Beschluss in NRW Wegen Mitgliedschaft in Chatgruppe suspendiert - Gericht hebt Dienstverbot gegen Polizistin auf

Eine Polizistin aus NRW wurde suspendiert, weil sie in einer Chatgruppe eine rechtsextreme Nachricht bekommen haben soll. Die Frau ging dagegen vor - mit Erfolg.

Eine Polizistin, der die Mitgliedschaft in einer rechtsextremen Chatgruppe vorgeworfen wird, hat erfolgreich gegen ihre Suspendierung geklagt. Wie das Verwaltungsgericht Düsseldorf mitteilte, ist das Dienstverbot rechtswidrig.

In Nordrhein-Westfalen war im September ein Polizeiskandal bekannt geworden. 31 Po­li­zis­tin­nen und Po­li­zis­ten sind in dem Fall in­zwi­schen sus­pen­diert, sie sol­len in Chats Fo­tos von Ha­ken­kreu­zen und Hit­ler ver­schickt und emp­fan­gen ha­ben. Es geht laut Innenminister Herbert Reul (CDU) um mindestens fünf Chatgruppen.

Die Polizistin war den Angaben zufolge verdächtigt worden, in einer WhatsApp-Gruppe namens "Chat Anton" ein Bild mit rechtsradikalem Gedankengut erhalten zu haben. Sie wurde am 11. September suspendiert.

Der "konkrete Einzelfall" sei dabei nicht berücksichtigt worden, kritisierte das Gericht. So sei nicht festgestellt worden, ob die Polizistin das Bild überhaupt zur Kenntnis genommen habe.

Eine Parodie

Des Weiteren zeige die Abbildung nicht Adolf Hitler, sondern einen Ausschnitt aus der Parodie "Weihnachten mit Hitler". Die Adolf Hitler imitierende Person, die in dem angeführten Beitrag textlich veränderte Weihnachtslieder singt, wird hierbei laut Beschluss erkennbar überzeichnet und der Lächerlichkeit preisgegeben.
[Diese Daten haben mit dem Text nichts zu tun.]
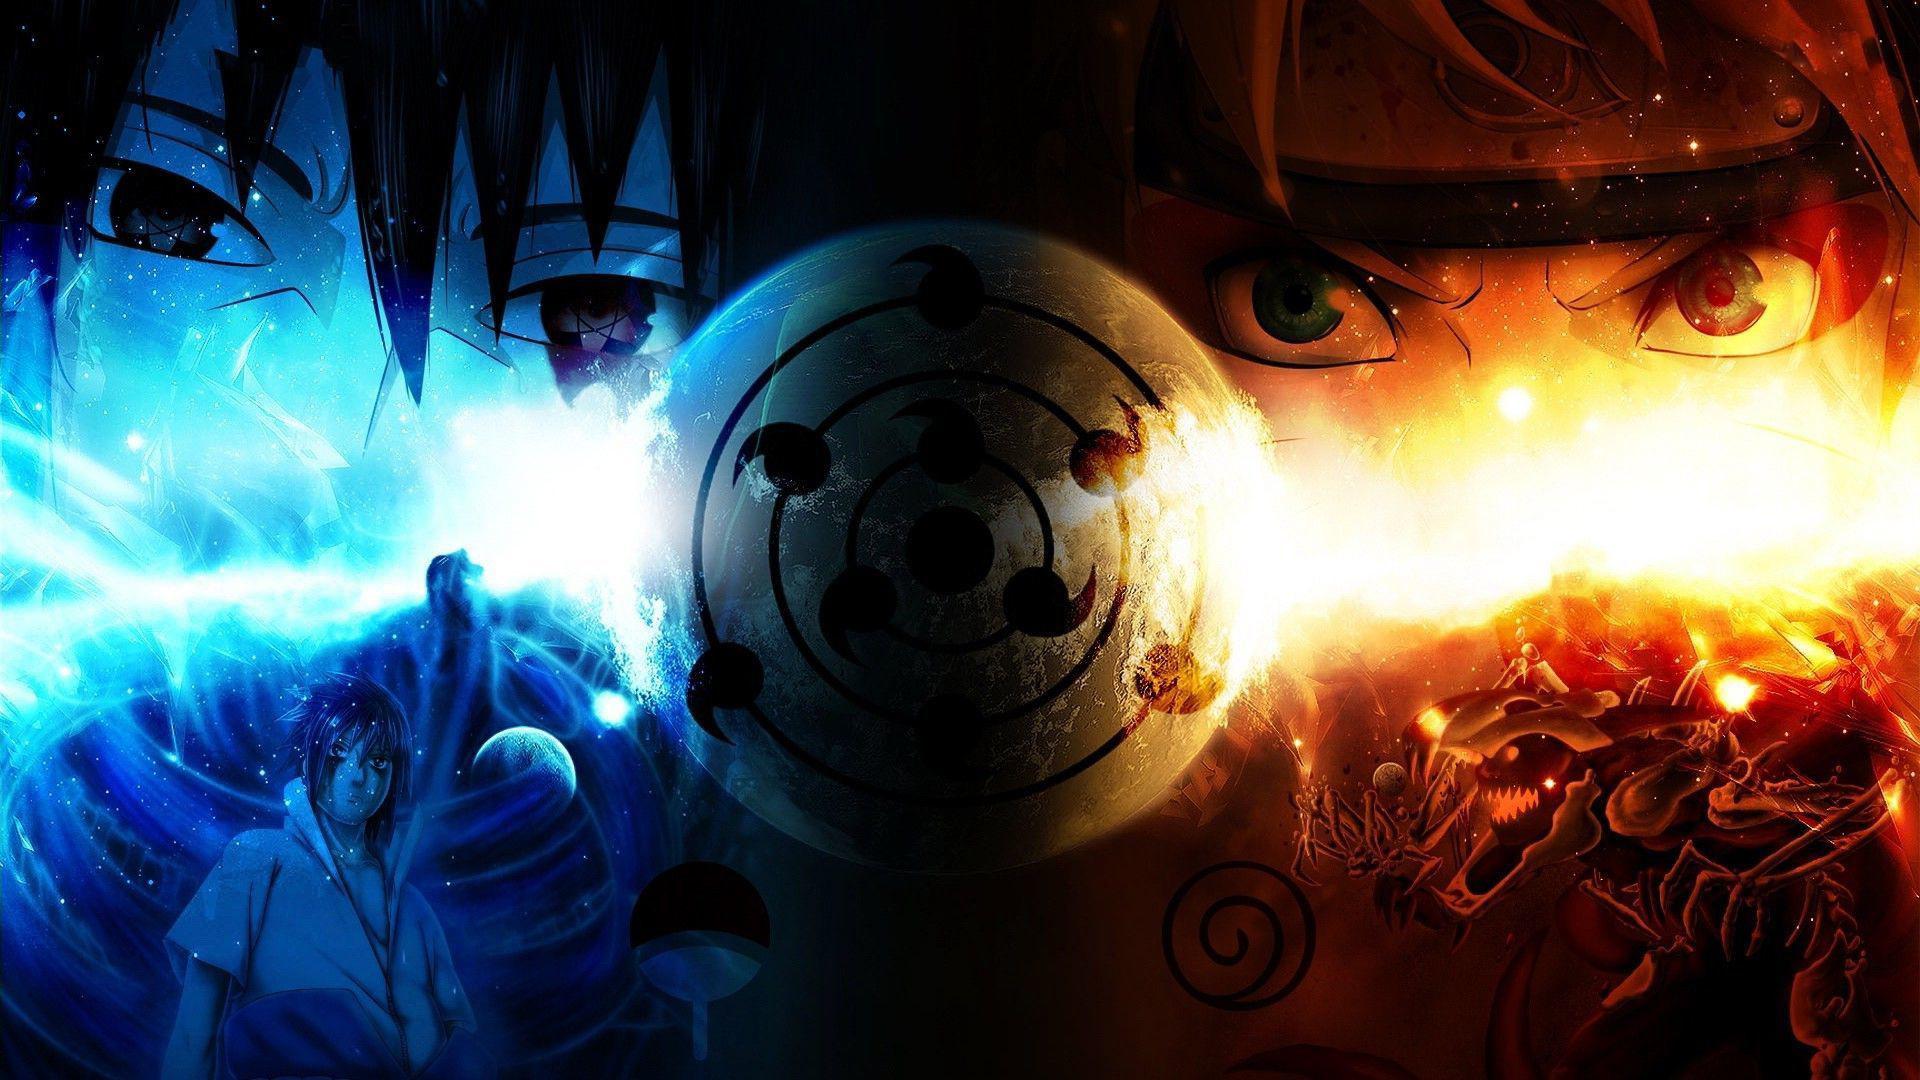 65 4K Naruto Wallpapers on WallpaperPlay

Dies möge als geschmacklos empfunden werden. Es erlaube jedoch nicht die Schlussfolgerung, die Frau habe ein "schwerwiegendes Dienstvergehen" begangen und gegen die "politische Treuepflicht" verstoßen.
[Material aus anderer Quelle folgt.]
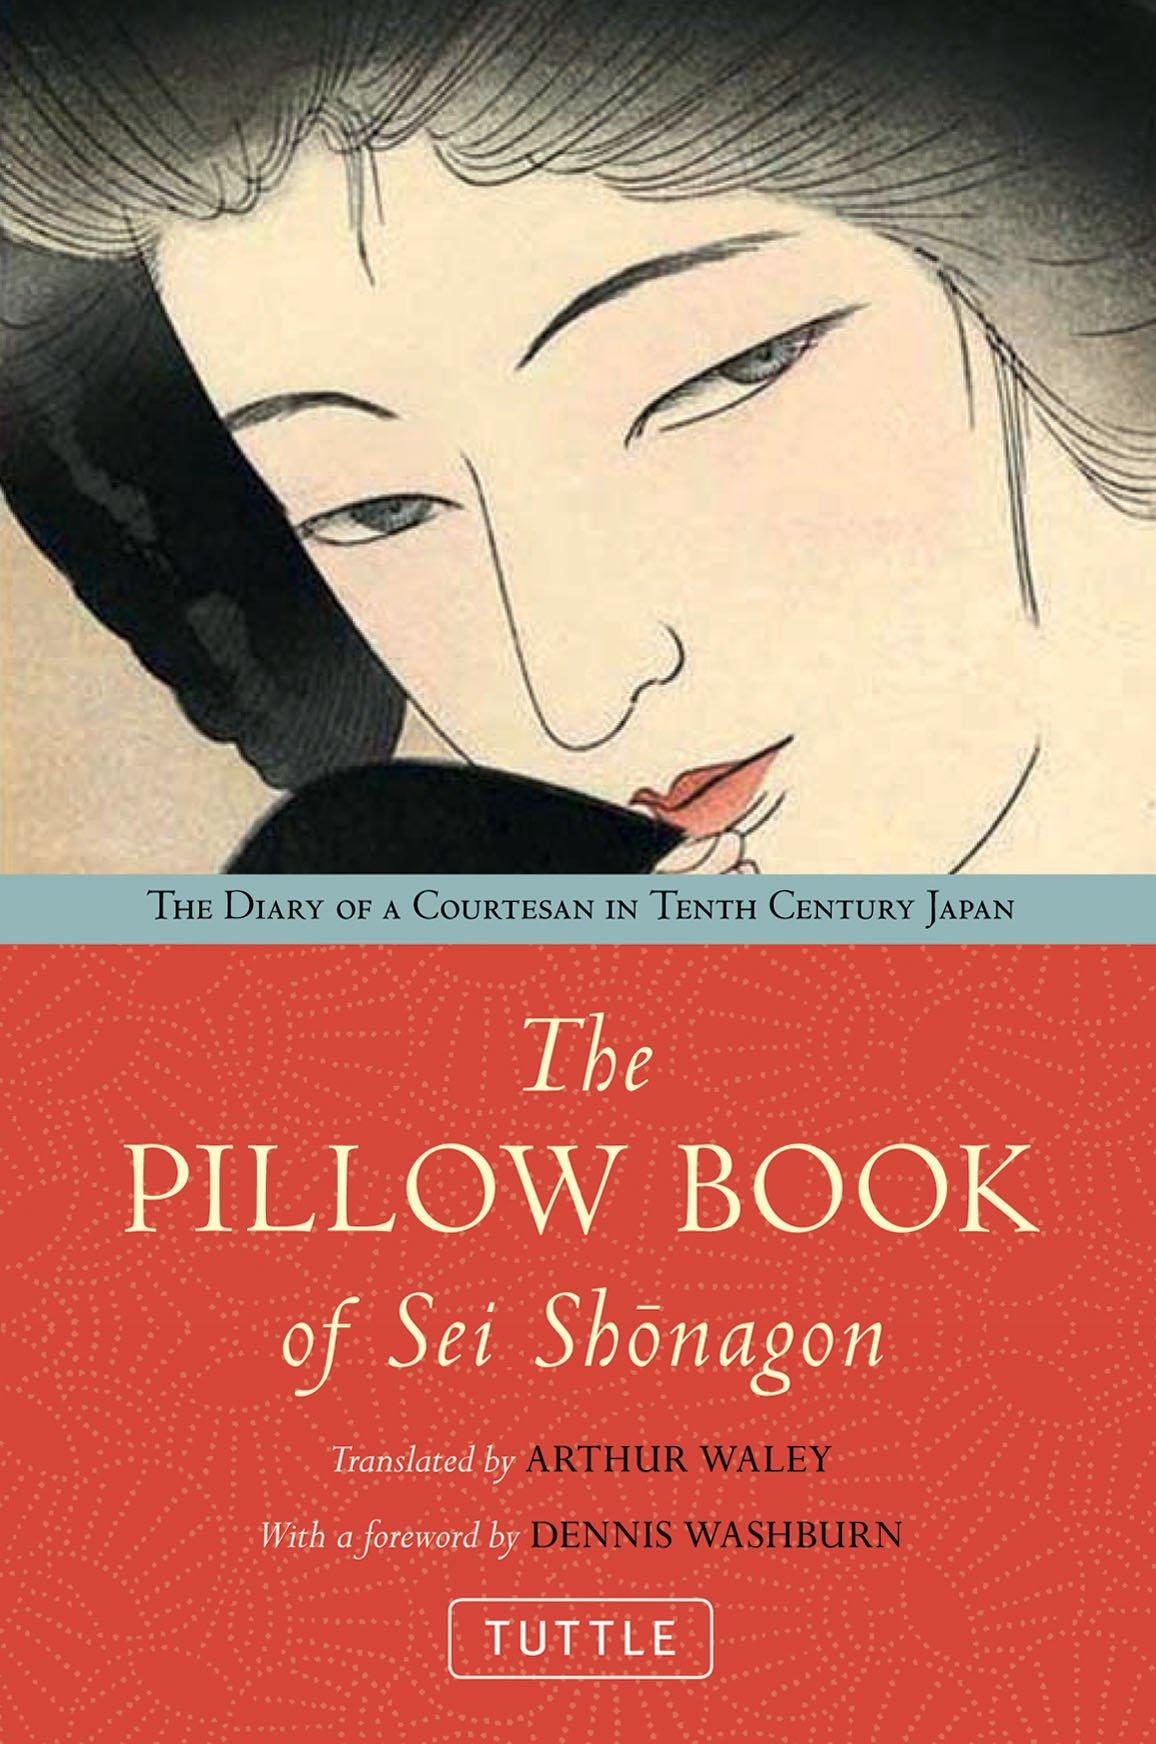 Amazon.com: The Pillow Book of Sei Shonagon: The Diary of a Courtesan in  Tenth Century Japan (8601200937435): Arthur Waley, Dennis Washburn: Books

"Mit keinem Wort umrissen"

Außerdem sei das Bild bereits im Oktober 2013 versendet worden. Das Fehlverhalten der Beamtin werde im Bescheid des zuständigen Landesamtes "mit keinem Wort umrissen". Die anderen in dem Komplex verdächtigen Beamten hätten "wohl gleichlautende Bescheide" erhalten.

Der Polizistin werde vorgeworfen, es sei nicht erkennbar, dass sie sich gegen den Erhalt gewehrt habe oder dem Inhalt entgegengetreten sei. Doch die zuständige Behörde habe weder die "konkreten Inhalte" der Chatgruppe, die Häufigkeit des Nachrichtenaustauschs noch Reaktionen der Polizistin offengelegt.

Mitglied bei "Chat Anton"

Allein aus ihrer Mitgliedschaft bei "Chat Anton" könne man nicht ableiten, dass sie einzelne Bilder zur Kenntnis genommen habe. Der Vorwurf, sie sei dem nicht entgegengetreten, sei daher nicht haltbar.

Gegen die Entscheidung kann das Land Nordrhein-Westfalen Beschwerde beim Oberverwaltungsgericht einlegen.